Żarł ten lek ładnie przez przepisowe 5 dni, kupalki były podręcznikowe, już poczułam się szczęśliwa. Kurację skończyliśmy wczoraj. Dzisiaj po przyjściu do domu znalazłam dowód rzeczowy - w łazience, za kibelkiem

Brzydki dowód rzeczowy. Mam go w tej chwili w słoiku
Problem sikania na szczęście rozwiązał się sam - uprzytomniłam sobie, że jakiś czas temu zaczęłam stosować w kuwecie lawendowy odkażacz (do tej pory miałam bezzapachowy). Odstawiłam perfumowane świństwo - i rudy kot znowu trafia tam, gdzie trzeba.
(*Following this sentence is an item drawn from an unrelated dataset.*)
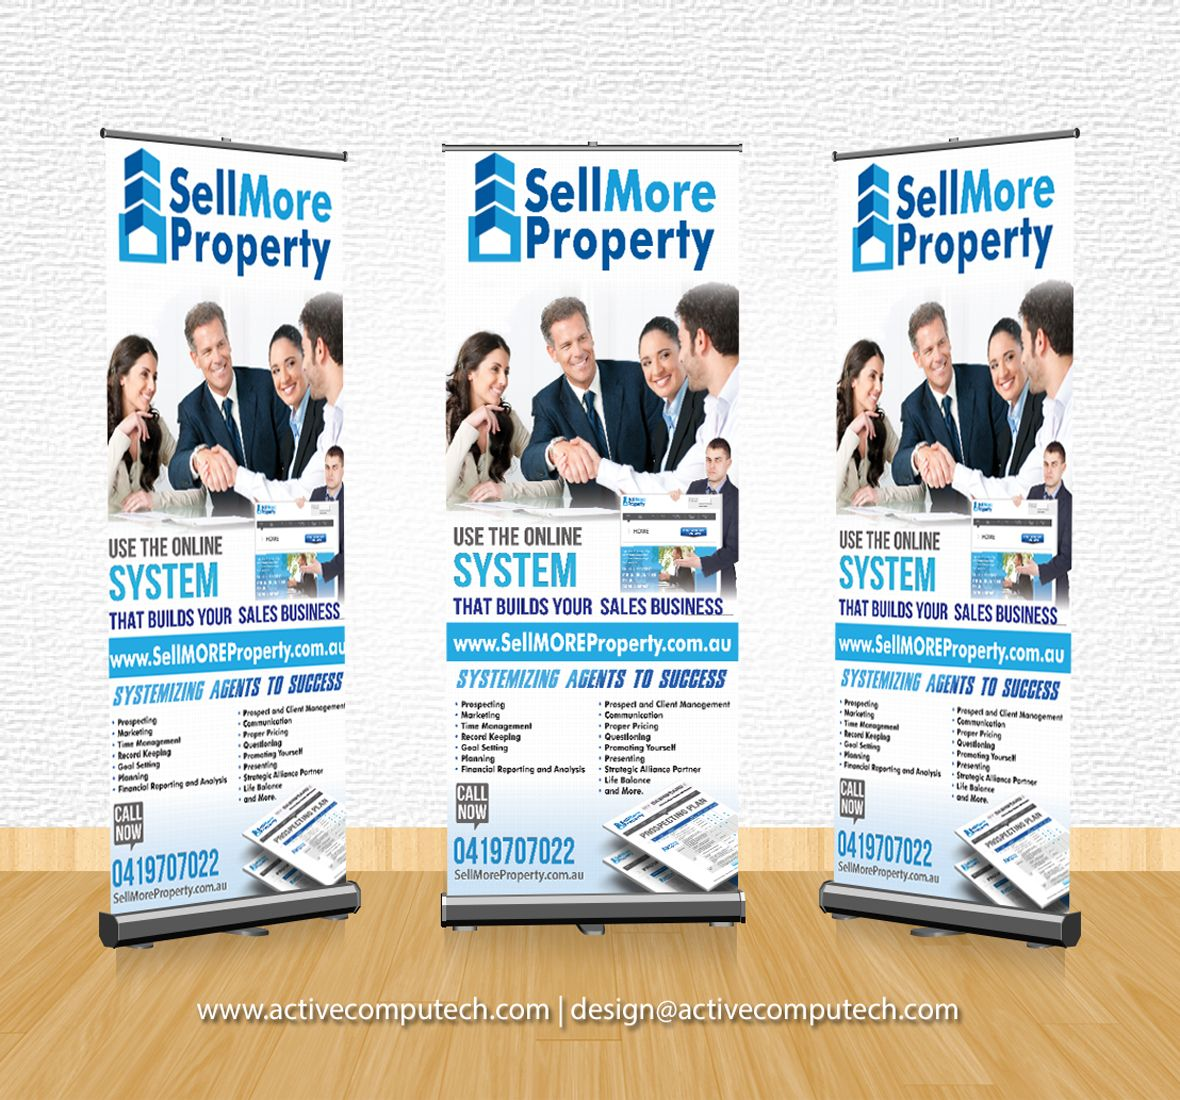 Rollup Banner Designs Visit Www Activecomputech Com Send Your Design Requirements To Design Activecomputech Com Pendon

Wrażliwiec jeden
Pozostałe kociarstwo w świetnej formie.
Blusia pobija rekordy przylepkowatości, śpi już z nami w nocy, okupuje moje kolana, gada ze mną. Rano krzyczy, że jest strrrasznie głodnym kotkiem

Ale z miseczki poje tylko troszkę, potem odchodzi i po jakimś czasie wraca, żeby pojeść jeszcze. Skończyły się te napady żarcia-ile-wlezie-albo-i-ponad-to-dopóki-jeszcze-coś-w-misce-zostało.
Inka nadal na jej widok strzela mega focha, ale powolutku, małymi kroczkami idziemy chyba do przodu.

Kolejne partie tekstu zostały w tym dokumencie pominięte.